The Deschutes County Public Health Advisory Board is pleased to announce its 2018 Health Hero award recipients.

The awards, which are presented annually in conjunction with National Public Health Week in April and Mental Health Month in May, honor an individual and a group that demonstrates excellence in promoting and protecting behavioral and public health.

“What an honor to recognize the great work of citizens who are passionate about making our communities healthy and livable,” said Deschutes County Public Health Advisory Board Chair, Kate Wells.

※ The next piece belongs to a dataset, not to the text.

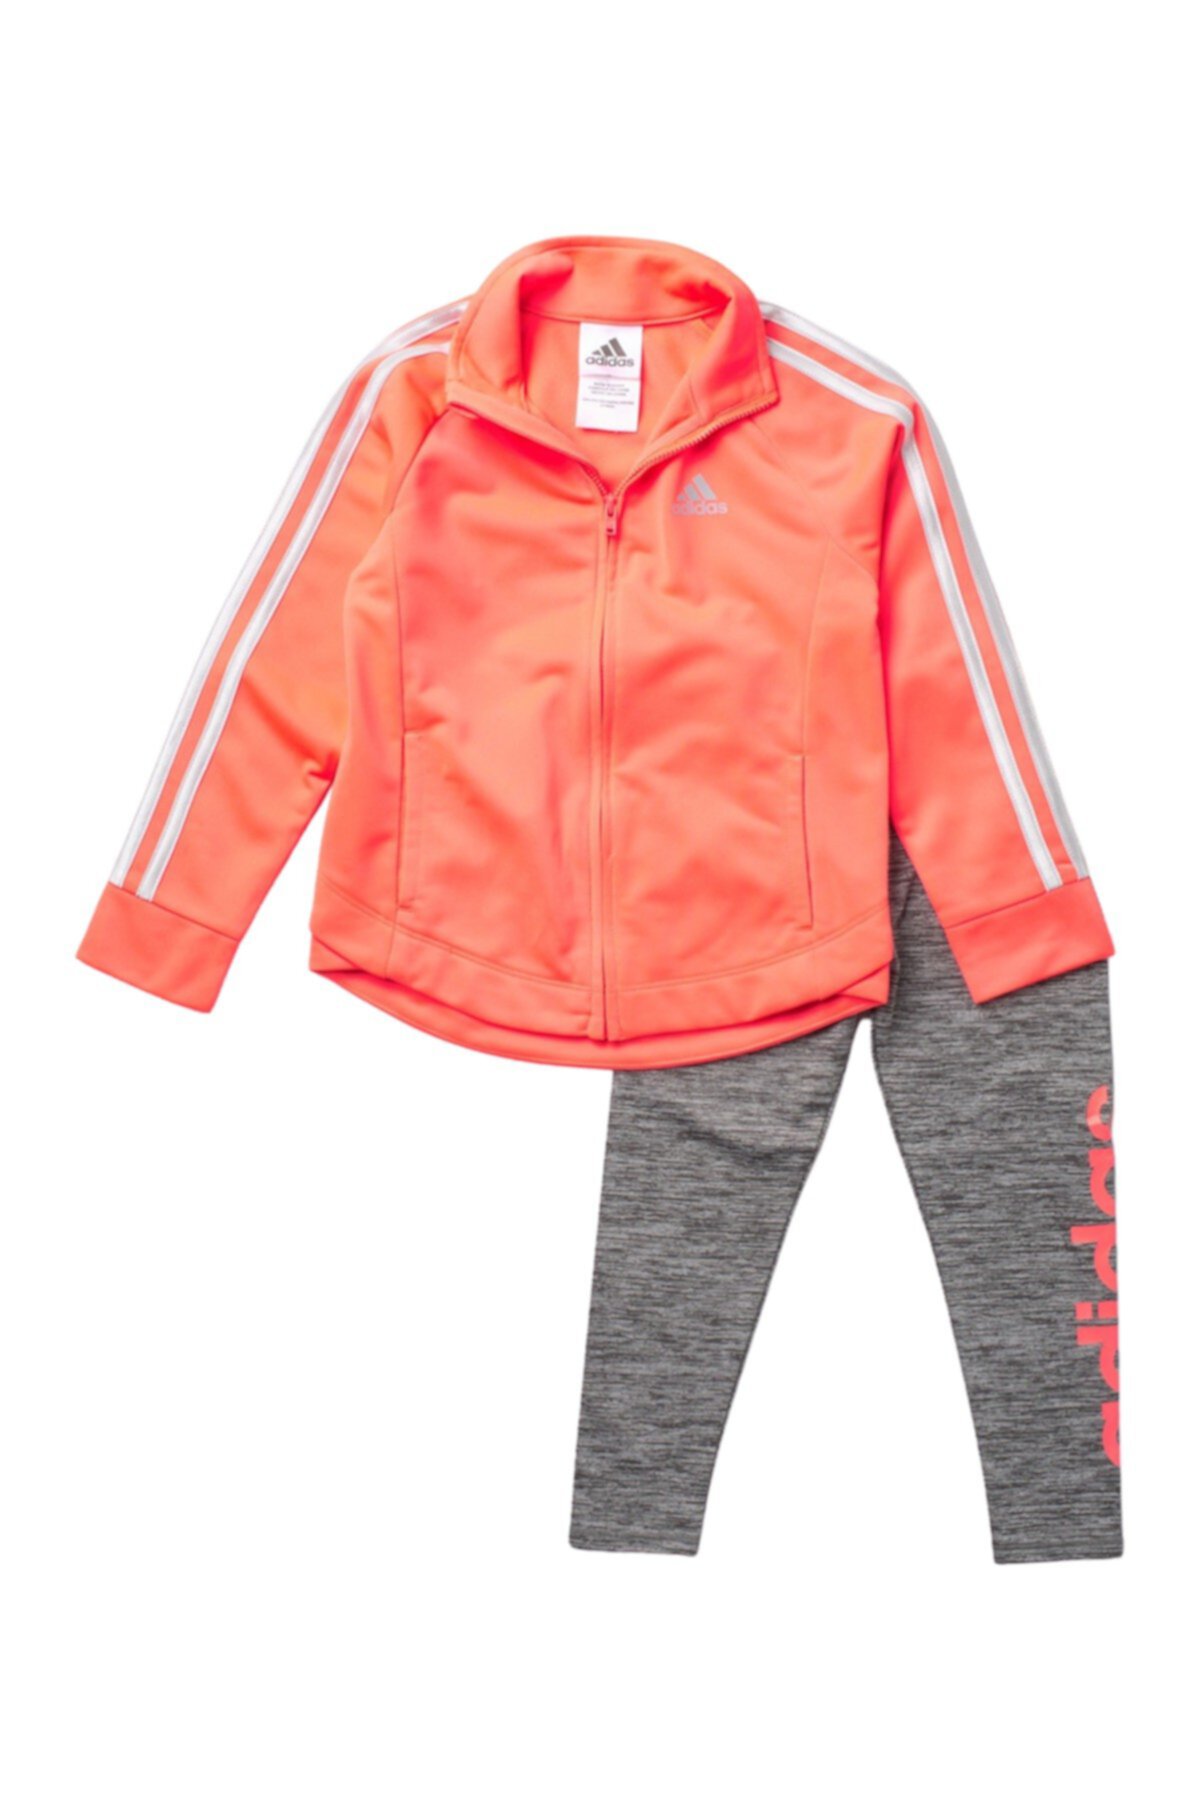 Комплект беговой куртки и колготок (для малышей и маленьких девочек) Adidas

This year, the Individual Award winner was Maria McClain-Madden, the Assistant Principal at Juniper Elementary School in Bend. Maria was described by the Deschutes County OSU Extension Nutrition Education Program as “a true champion and ideal community partner in helping increase physical activity and healthy eating habits among students and families.” She encourages staff to integrate more physical activity into instructional time started the Jr. Coach program at recess to encourage more collaborative play and help 4th and 5th grade students develop stronger leadership skills. Maria has creatively found many ways to make physical activity and healthy eating accessible to students and families. Maria also bikes to school every day, promoting healthy habits by being a role model for her peers and students.

The Organization Health Hero Award winner was The Programs of Evaluation, Development And Learning (PEDAL) at St. Charles Health System. Since 2010, PEDAL providers have worked with children born prematurely, with cardiac disorders, genetic and neurological conditions, concussions and autism spectrum disorders. PEDAL provides neuropsychological and multi-disciplinary evaluations for children and youth with special health care needs. These children are at increased risk for chronic physical, developmental, behavioral, or emotional conditions and require ongoing assessment and treatment. Prior to 2010 Central Oregon families were overwhelmed with having to seek services outside of their community. They had to travel long distances, attend multiple appointments in numerous settings, and had no support accessing services locally. These services keep families in their community, decrease wait times for evaluation and diagnosis, and provide resource navigation to ensure adherence to treatment plans.

Award recipients were recognized by the Deschutes County Board of Commissioners earlier this month.